Discovers peers using discv5, estimating the total peers the network has.
Pings each peer attempting a connection in order to fetch some metadata (mainly the UserAgent) to see:
- Which client software (prysm, nimbus, teku, lighthouse) the node it running.
- Build version and OS (usually part of the UserAgent)
- If the node is synced to the latest head
The crawler also listens to all pub-sub messages in the network (topics: beacon_block, voluntary_exit, etc)

jm-clius commented 1 year ago

@alrevuelta, indeed! With the operator trial having just launched, the value that a monitoring node will add has grown significantly. A basic monitoring node is indeed a good next step after the basic canary service to estimate at least two things as a start: estimate network size using discv5 and estimate the number of active applications (using contentTopic prefix) on the default network. Liveness checks, a way of determining client type, version, etc. would be a very valuable bonus!

alrevuelta commented 1 year ago

Related project nebula-crawler, similar to armiarma

alrevuelta commented 1 year ago

@jm-clius any opinion on:

whether to use WakuNode or directly libp2p and discoveryv5? The former option allows less flexibility so I'm leaning toward the later.

jm-clius commented 1 year ago

I don't have strong feelings about this, other than to keep it very simple as a start. Although we should imagine the types of questions we may want to ask in future, our immediate need is just to monitor two aspects:

estimate network size (discv5 based as a start, but we may supplement with other discovery methods)
count number of applications using the network

While I can imagine for (1) network size estimation with discv5 could built separately on discv5 (note the protocol ID change for Waku), once we start adding more discovery methods we may need an integration point similar to a WakuNode. For (2) I can barely think of another way to do this properly other than a (simplified) node participating in the network, subscribing to the default pubsub topic and counting the number of content topics/applications.

We should also foresee that we may want to monitor more and more application-specific network metrics as we go along, which seems to me to be easiest to trigger from a node that's an active participant in the network.

alrevuelta commented 1 year ago

@jm-clius Regarding using nwaku or directly discv5/libp2p, we both agreed that nwaku may be more suitable. However, I'm having second thoughts regarding using WakuDiscoveryV5 for peer discovery.

The main reason is that we may have to go lower level for peer discovery, using directly discv5 primitives.

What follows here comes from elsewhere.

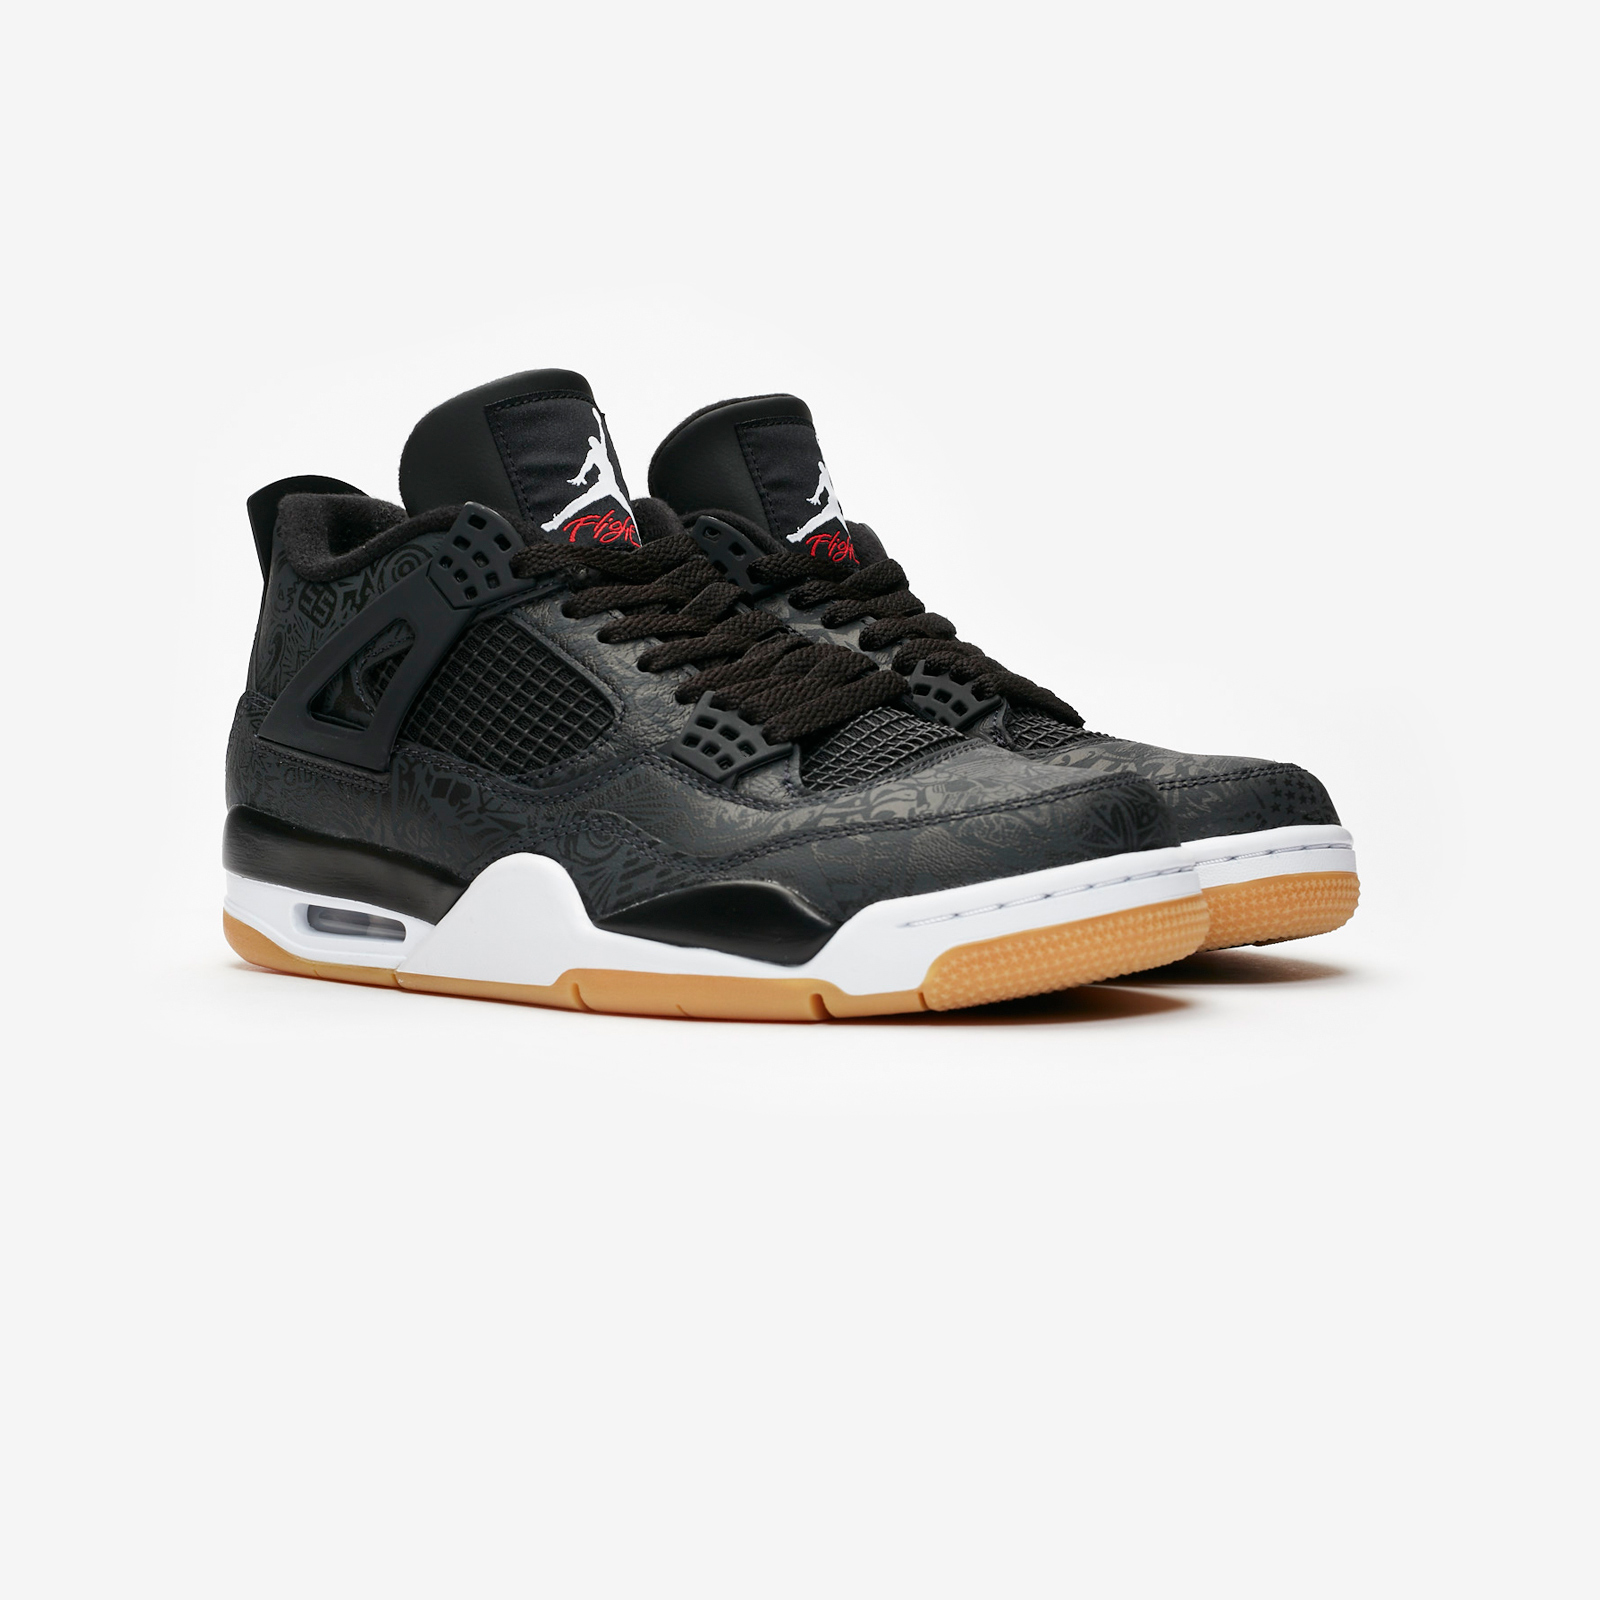 3ff702cd61d Jordan Brand Air Jordan 4 Retro SE - Ci1184-001 - Sneakersnstuff ...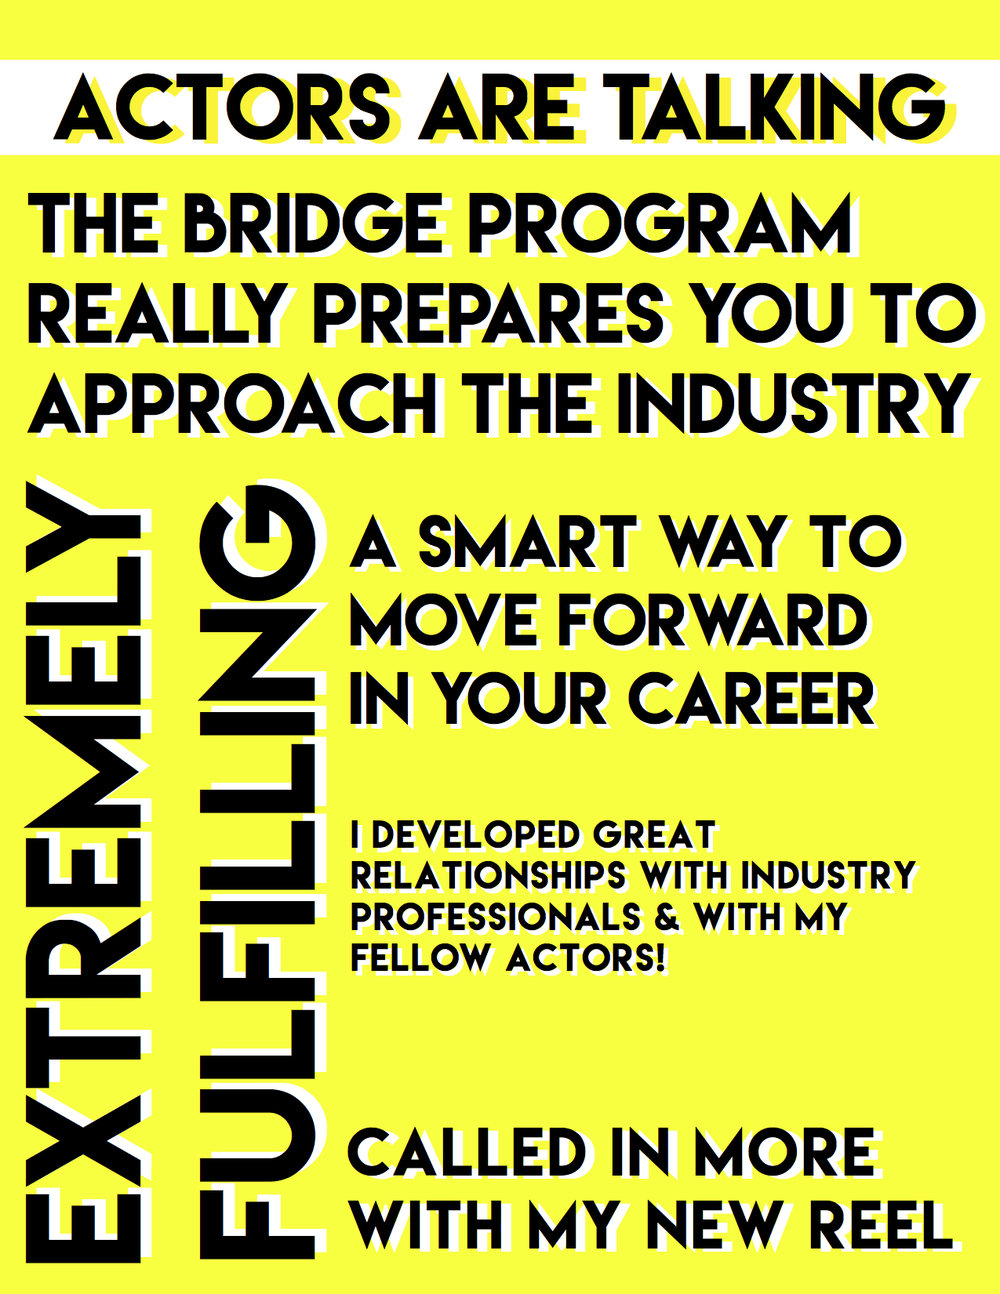 Bridge Program Brochure G1 (2) (dragged).jpg

I guess WakuDiscoveryV5 is not optimized for finding all peers in the network, but a random subset of them.

I guess that in a network of a few hundred it won't make much of a difference, but if we reach 1k-5k I'm not sure we will discover them all. Perhaps spamming findRandomPeers is enough, but changing the k param (aka BUCKET_SIZE) might be interesting.

But perhaps I'm getting ahead of myself here.

jm-clius commented 1 year ago

Indeed, whereas most monitoring we want to do in future makes more sense from an application perspective, building a discv5 crawler of some kind may indeed require a more precise, separate service (i.e. the monitoring node could spin up this service too, but it may be a new service built directly on discv5).

However, I don't want the initial chunk of this work to be too complex - we just need a rough idea of how the current network, which is very small, is growing and we may get away by just using findRandomPeers() for now (which should eventually give us an approximate answer with some confidence).

@kaiserd wdyt? There may be a simple technical solution I'm missing.

kaiserd commented 1 year ago

To avoid confusion regarding the term WakuDiscoveryV5:

33/WAKU2-DISCV5 is our discv5 spec for Waku, which uses a different protocol-id. You would have to adhere to this spec in order to discover Waku nodes.

However, I assume, you were refering to waku_discv5.nim, which adds some functions useful for Waku on nim-eth/discv5.

For your implementation, you would not be limited to waku_discv5.nim. You are free to use nim-eth/discv5 directly. Our version in vendor/nim-eth is based on a feature branch that already supports 33/WAKU2-DISCV5.

Imo, the cleanest way to implement this would be a new type of node. This node would only mount protocols necessary for this purpose and feature the additional metrics gathering and logging. A good starting point would be copying the current node and removing everything that is not necessary for now. As @jm-clius pointed out, we do not know what we want to measure in the future, so it would be good for this node to work on the Waku v2 layer (which allows it to look into Waku protocols as well as deeper into the stack, too).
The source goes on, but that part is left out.